Representative Ritchie Torres is a fighter from the Bronx who has spent his entire life working for the community he calls home. Like many people in the South Bronx, poverty and struggle have never been abstractions to him, and he governs from a place of lived experience.
Ritchie’s mother single-handedly raised him, his twin brother, and his sister in a public-housing project. She paid the bills working minimum-wage jobs, which in the 1990s paid $4.25 an hour. While Ritchie grew up with mold, lead, leaks, and no reliable heat or hot water in the winter, he watched the government spend over $100 million dollars to build a golf course across the street for Donald Trump. In 2013, at the age of 25, Ritchie became New York City’s youngest elected official and the first openly L.G.B.T.Q. person elected to office in the Bronx.
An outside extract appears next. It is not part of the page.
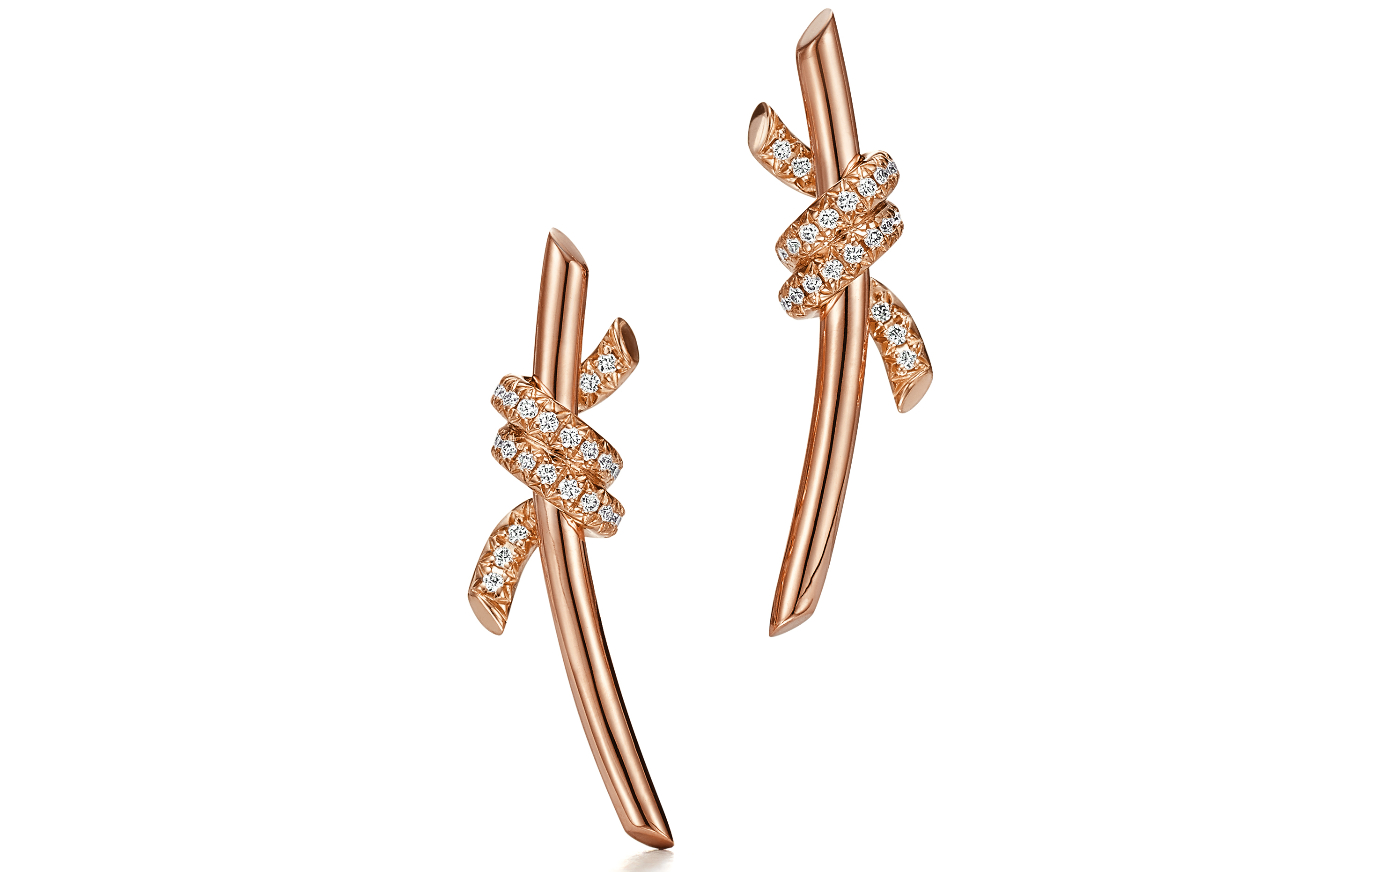 Tiffany & Co. launches the new Tiffany Knot Collection

After the devastation and hardship New Yorkers experienced this past year, a post-COVID world cannot come soon enough. New York City risks becoming a shadow of its former self if we don’t make the right investments to get our economy back on track.
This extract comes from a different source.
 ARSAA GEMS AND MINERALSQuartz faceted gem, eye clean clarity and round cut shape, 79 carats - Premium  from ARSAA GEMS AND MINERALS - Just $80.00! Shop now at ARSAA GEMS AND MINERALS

The dual crises of COVID-19 and systemic racism have magnified the economic inequality that plagues our country, and we can’t afford to return to the pre-pandemic status quo. We need to give hard working people a fighting chance at success.
As a member of the House Committee on Financial Services, I’m fighting every day to rebuild a more inclusive middle class. I’m in favor of increasing the federal minimum wage to $15 per hour, which would give millions of Americans a fighting chance at a better life by lifting people from poverty, narrowing racial pay gaps, and building a more equitable economy for everyone.
I’m also a strong supporter of the labor movement, which is our best hope to revitalize the middle class. Strengthening unions is a pivotal step towards mitigating growing income inequality and worker safety concerns. Congress needs to significantly expand the rights of workers to unionize and enhance protections for those whose efforts to unionize are impeded by their employers.